I'm sorry, you guys asked what people thought, from the pictures, so why are you getting defensive when people are telling you just what they see from the pics.

I also see what everyone else does, resistance and stiffness, and you have been given good advice on how to improve things, so my thought, look at the pics with fresh eyes, and maybe you'll see what we see.


----------



## TheNinja (Dec 5, 2010)

"I" did not ask what anyone thought.
I'm getting deffensive because,1) I didn't want to know about my riding and 2) MY pictures are being used as examples of "force" and "incorrect rqiding". Those pictures were taken at the wrong moments, or she just chose those, which I feel are not a good representative of how "I" was asking this horse to move. I can't force you to see that HE was pulling on ME, not the other way around. And I was NOT focusing on his head or the bit. Yes, he was stiff and resistant. But, I'm a little annoyed that it is my riding, particularly, that is being critiqued here; as you cant much see how Britt is asking.
So, to imply that I am not understanding or seeing what is obviously wrong with these particular photos, is really annoying.
_Posted via Mobile Device_


----------



## TheNinja (Dec 5, 2010)

And HOW is putting ZERO contact on the rein and squeezing and him backing "forcing that horses head down"????
To "force" would mean I would need to draw his head back towards me. Correct? Backing willingly is not forcing, correct?
_Posted via Mobile Device_


----------



## tinyliny (Oct 31, 2009)

I do not think you are forcing the horse's head down. the horse moves his head down by himself. But, if you release at that moment, you are teaching him that that is what you wanted. I am NOT saying this is what you did, as the photos do not show that. They do show a horse that is pulling on the rein and dropping his head, and the title (by your friend) seemed to indicate that she thought this was correct and desireable. I think you realize that the photos show a, perhaps unfinished process?


----------



## Britt (Apr 15, 2008)

First off, thank you everyone for your advice. It will definately be taken into consideration. 

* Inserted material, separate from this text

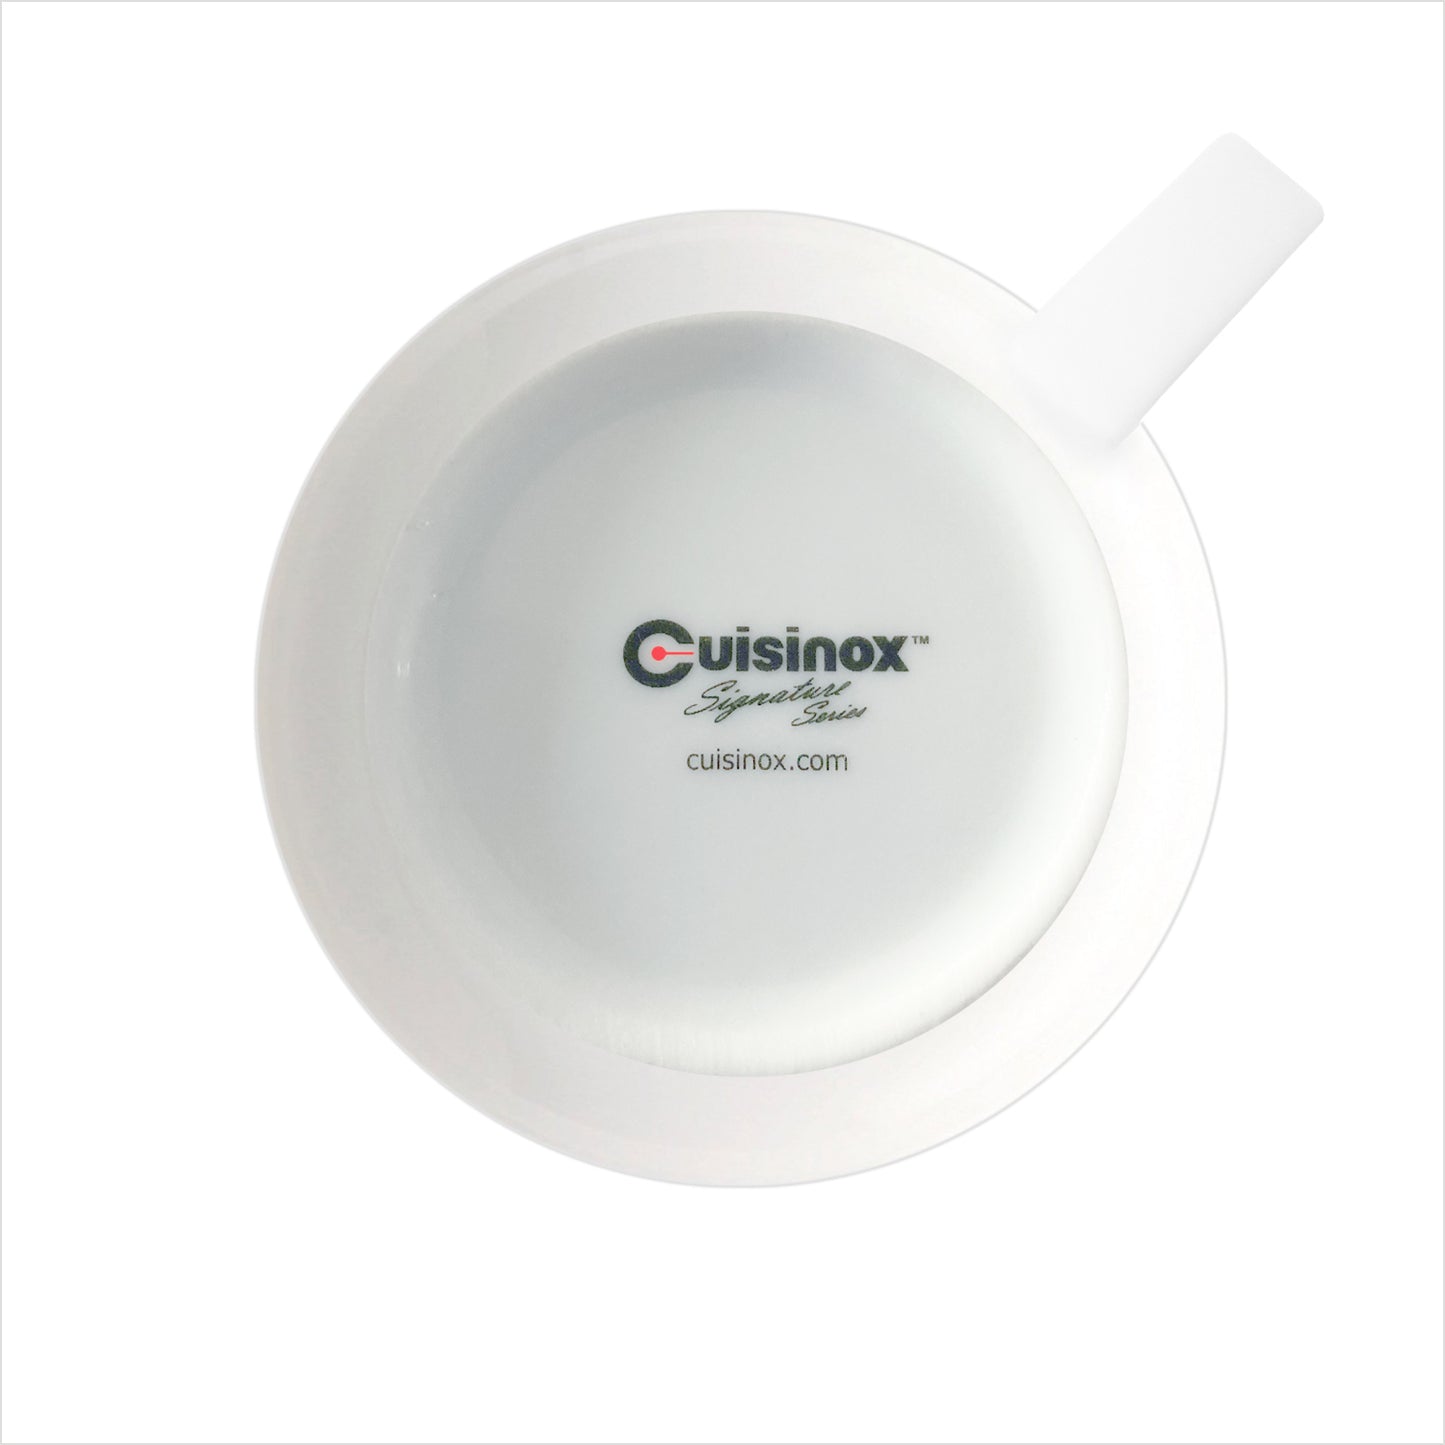 Cuisinox Signature Series, ensemble de 4 tasses à expresso, porcelaine blanche
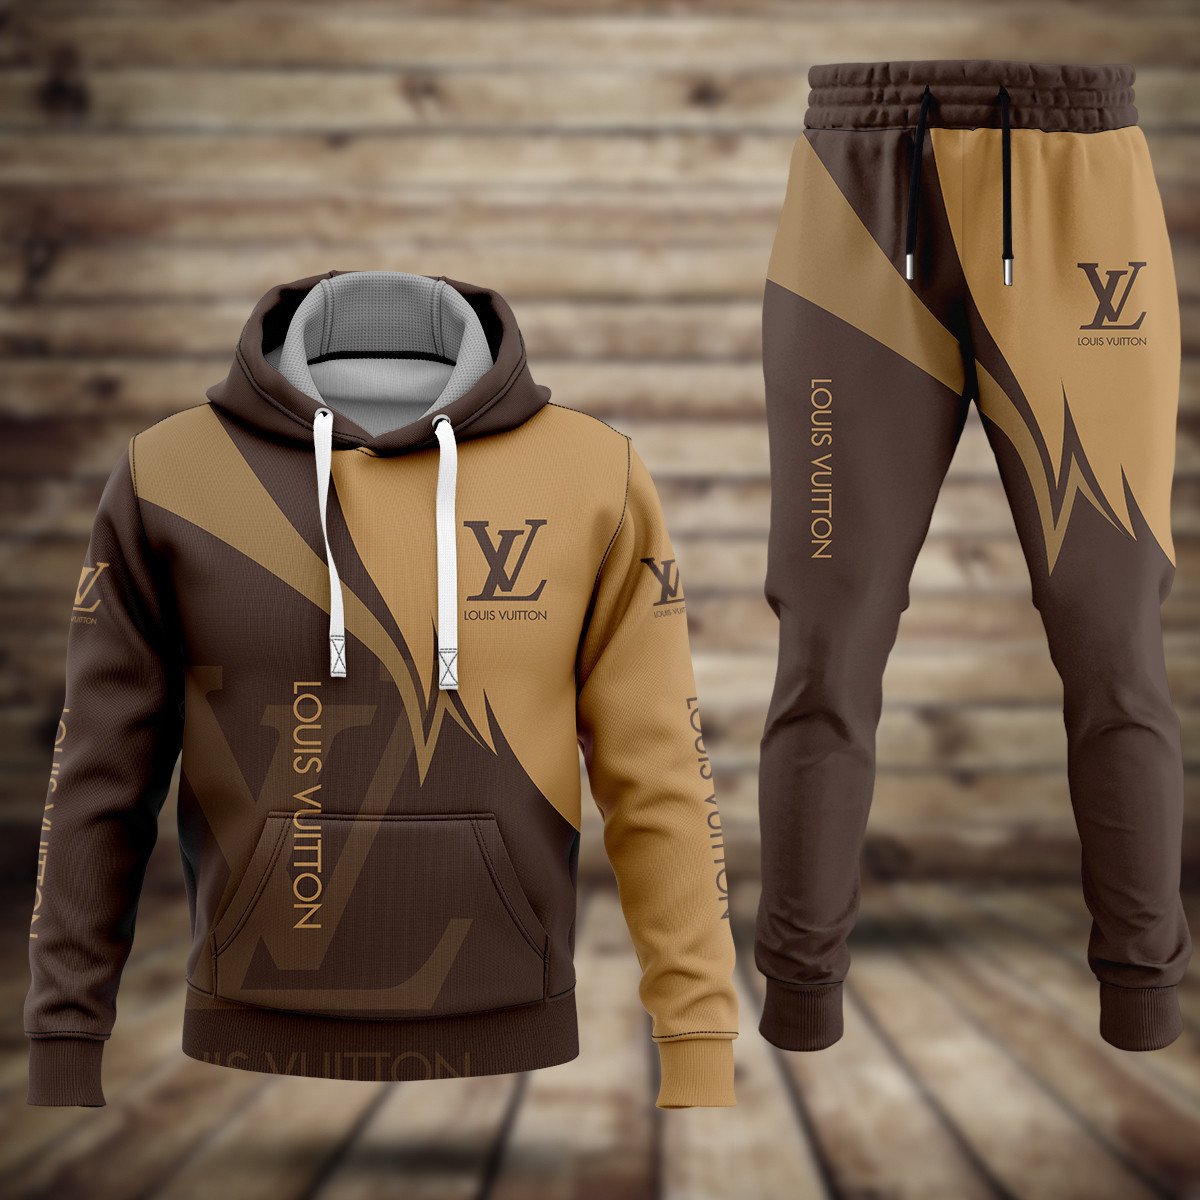 TRENDING] Louis Vuitton Brown Hoodie Leggings Luxury Brand LV Clothing

Now, let me address a few issues, specifically the fact that, as TheNinja said, these pictures probably aren't the best, as they are, as someone said, just a moment in time (sorry for just putting these up, but after going back and looking through all of them, these were the best as in not blurry, not too far away, etc...).

TheNinja and I both ask for a back-up in slightly different ways. She explained how she does it, and this is how I do it, I keep a steady pressure on the reins, and when he drops his head, I loosen the rein contact, but squeeze him with my lower legs and 'click' to him to ask for a reverse. 

Also, I never said that he was doing perfect, I stated that he's doing pretty well for a horse who has never been asked to do anything like this before since he was born. I only started asking him to learn to backup on Friday the 15th. Considering how that was only a few days ago, I do think he's slowly catching on fairly quickly, even though he's not perfect, but as the saying goes, practice makes perfect.

As far as round his back and using his hindquarters, he's catching on. I can feel him doing that three times out of five whenever I ask him to back up now, when at first he only did it once out of five. That's also the reason i'm teaching him bareback, so it's easier to tell when he does this properly.

Thank you all for your responses!


----------



## Corporal (Jul 29, 2010)

I agree, he is doing pretty well for a first effort. Something else that is nice is the "frown" with the bit, and that indicates that he isn't fighting the bit. I agree that you asked for advice and you got it, but I like that you are working with him. Even if this creates a hole in the finesse of reining him backwards, the two of you can still get a good result from your efforts. I say this thread has a lot of splitting hairs going on.
I retrained a lot of horses when I was teaching. The WORST problems were from those horses whose owners had not spent much time with them. I know I've posted this photo before~










but it shows a 5yo QH that I bought one year before correctly green broken. I worked him through my lesson program and made splendid progress. He would collect on a snaffle, too, but our hobby use(d) an s-shaped curb. Notice his mouth is closed, not gaping like a horses resistant to the bit would do.
Why didn't I keep him? He was a Cremollo and went blind at age 7. I couldn't afford a pasture pet--make of that what you will. (He also kicked me in the forehead when he was seeing shadows--8 stitches later, and lucky that his hoof only grazed my skin, or else we wouldn't know each other.)


----------



## Elana (Jan 28, 2011)

I am not going to read EVERYTHING here in detail. I am nto going to say anything against you or the horse. I will say this is an example of riding a horse front to back instead of back to front. 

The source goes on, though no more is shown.